Все к тому времени обессилели, кто в полудреме находился, кто практически при смерти. Мы все наблюдали, но находились в каком-то отрешенном состоянии. Мы уже не обращали внимания на провода, взрывные устройства, ложились рядом с ними. Мы ждали любого исхода, лишь бы скорее... Мы даже говорили: «Скорей бы уж нас взорвали!» Надежды, что дети смогут это пережить, не было...

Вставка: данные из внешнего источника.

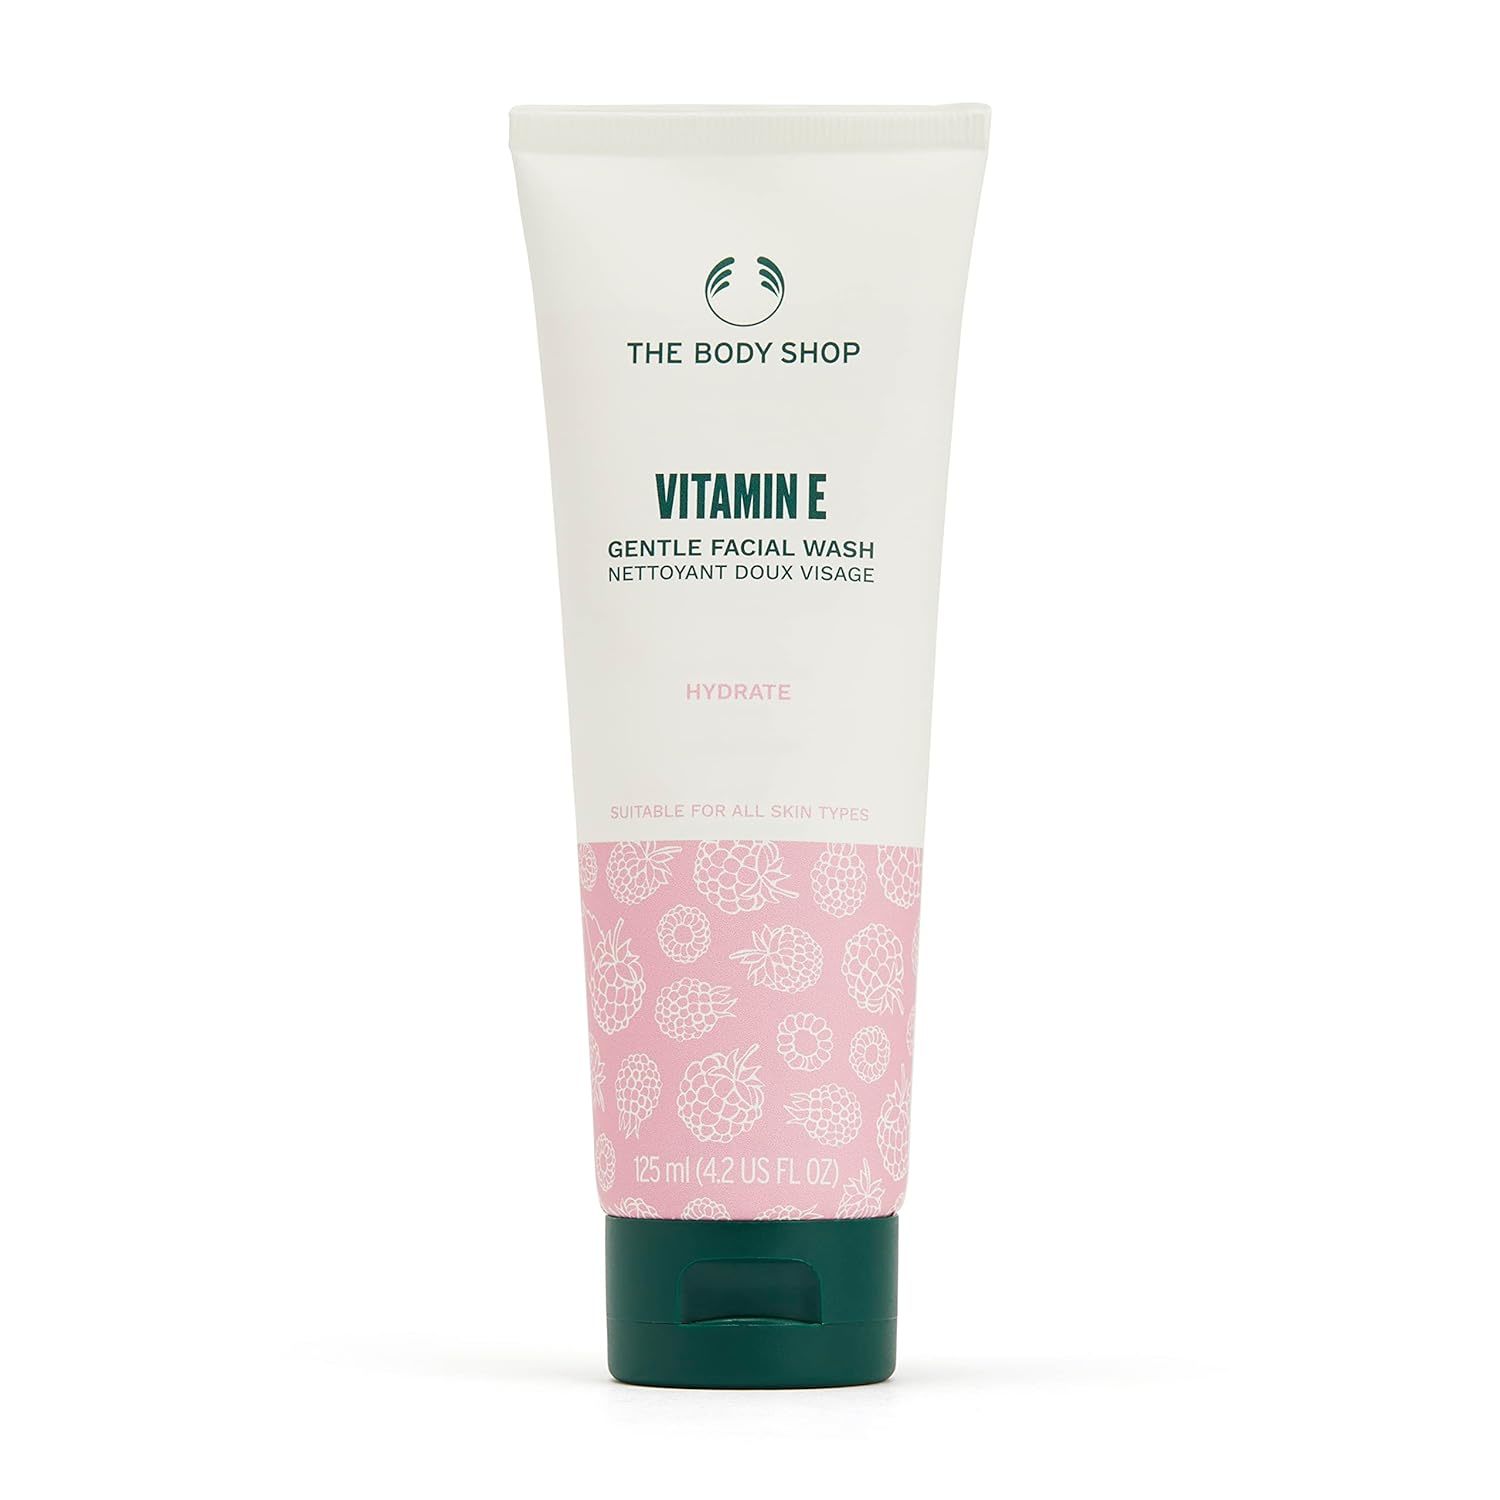 The Body Shop Vitamin E Facial Wash 125ml - $42.56
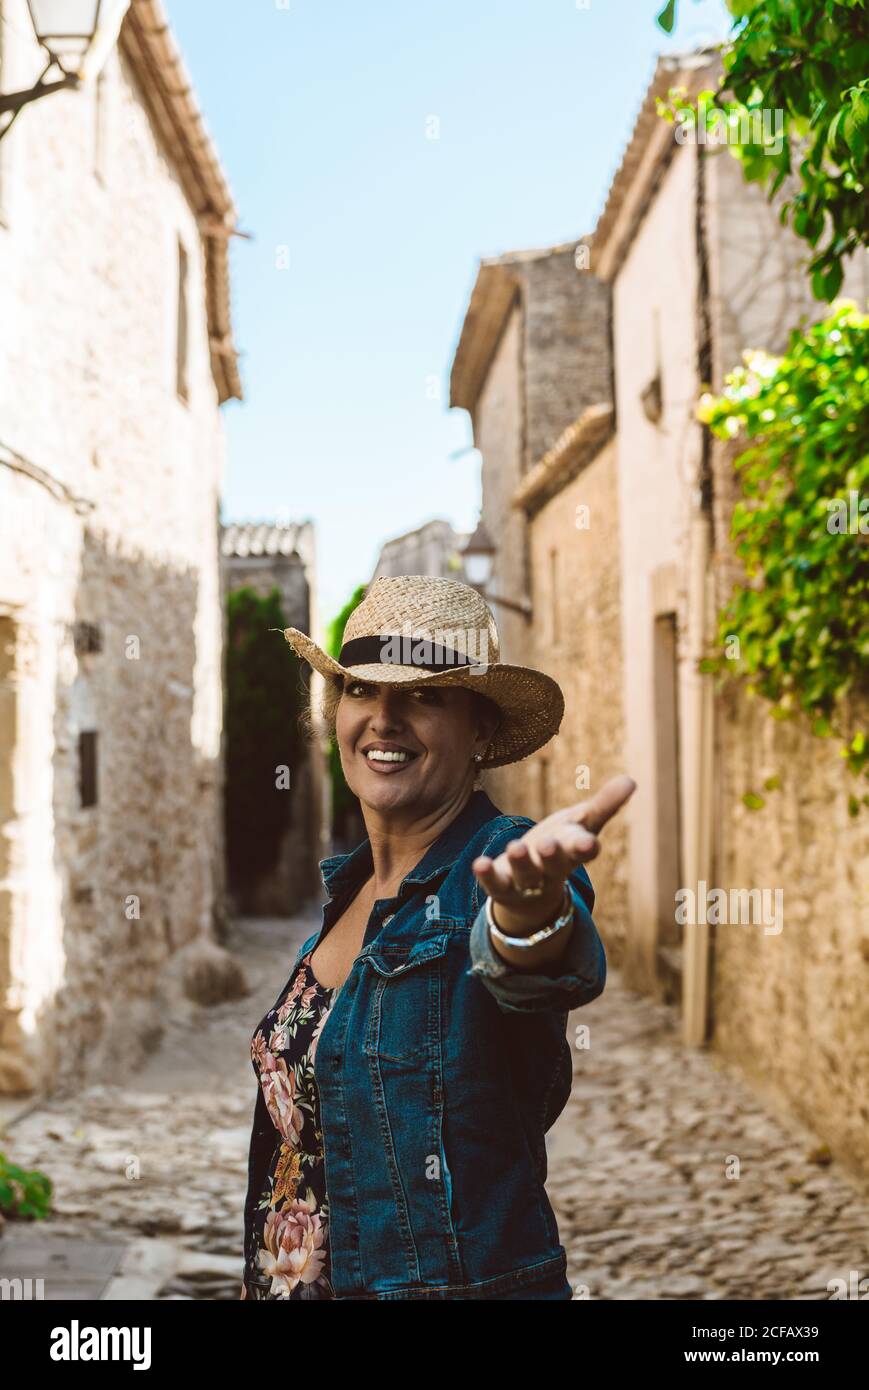 Frau trägt einen Hut und schaut auf die Kamera und reicht die Hand Zur Kamera, während in den Straßen eines mittelalterlichen Dorfes Mit Wandkletterer Werk in Europa Stockfoto

К тому же, боевики нам постоянно говорили: «Вы видите? Вы никому не нужны! Россия за вас даже пальцем не шевельнет. Им важно убить как можно больше боевиков любыми средствами, так что вас тоже будут убивать». Честно говоря, мы верили, что они были правы, что исход будет один... Мер же никаких не предпринималось.
- А вы знали, какие требования выдвигали террористы?
- Мы слышали, что они требовали вывода войск из Чечни; освобождения людей, которые находились во Владикавказе, наверное, из числа их боевиков; переговоров с главами трех республик - Ингушетии, Северной Осетии и Чечни.
И нам боевики неоднократно озвучивали: «Ни глава вашей республики, ни главы других республик, никто не хочет выйти, чтобы вам помочь». Вторым лицом после Дзасохова был тогда Мамсуров, и его дети тоже были среди заложников. Я не знаю точно, но говорят, что якобы было предложение вывести его детей, но он сказал, что там, где дети моей республики, там и мои будут. Я не могу утверждать, что это было сказано, но как он мог поступить иначе? Он был бы просто предателем в таком случае...
- Как произошел первый взрыв?
- Взрыв произошел совершенно неожиданно.
Одно взрывное устройство лежало на стуле практически у наших ног. И после взрыва я подумала, что если бы взорвалось это устройство, от нас бы просто ничего не осталось. Скорее всего, взрыв произошел или в центре зала, или там, где находятся шведские стенки. Там как раз больше всего людей и погибло. Было ощущение, что нас всех как будто облило кипятком. Все тело кололо, горело. Нас подбросило сантиметров на 10-15 от пола. Первая мысль была, что своего ребенка я больше живым не увижу, потому что ребенок такое пережить не может.
Тут же произошел следующий взрыв. Меня и контузило, и оглушило. Звуки стали размазанными - стрельба, крики, стоны... Мы находились около двери, которая была завалена партами, сейфами, чтобы никто не убежал. И во время взрывов это все рухнуло, и люди стали бежать в эту дверь, в них стали стрелять, и люди стали падать. Я ощущала тяжесть этих тел и понимала, что раз я что-то еще чувствую, значит, я жива. Но я понимала, что меня сейчас или затопчут, или я просто задохнусь. Я пыталась попятиться назад и кричала: «Дамир, беги!», - надеясь, что он меня услышит.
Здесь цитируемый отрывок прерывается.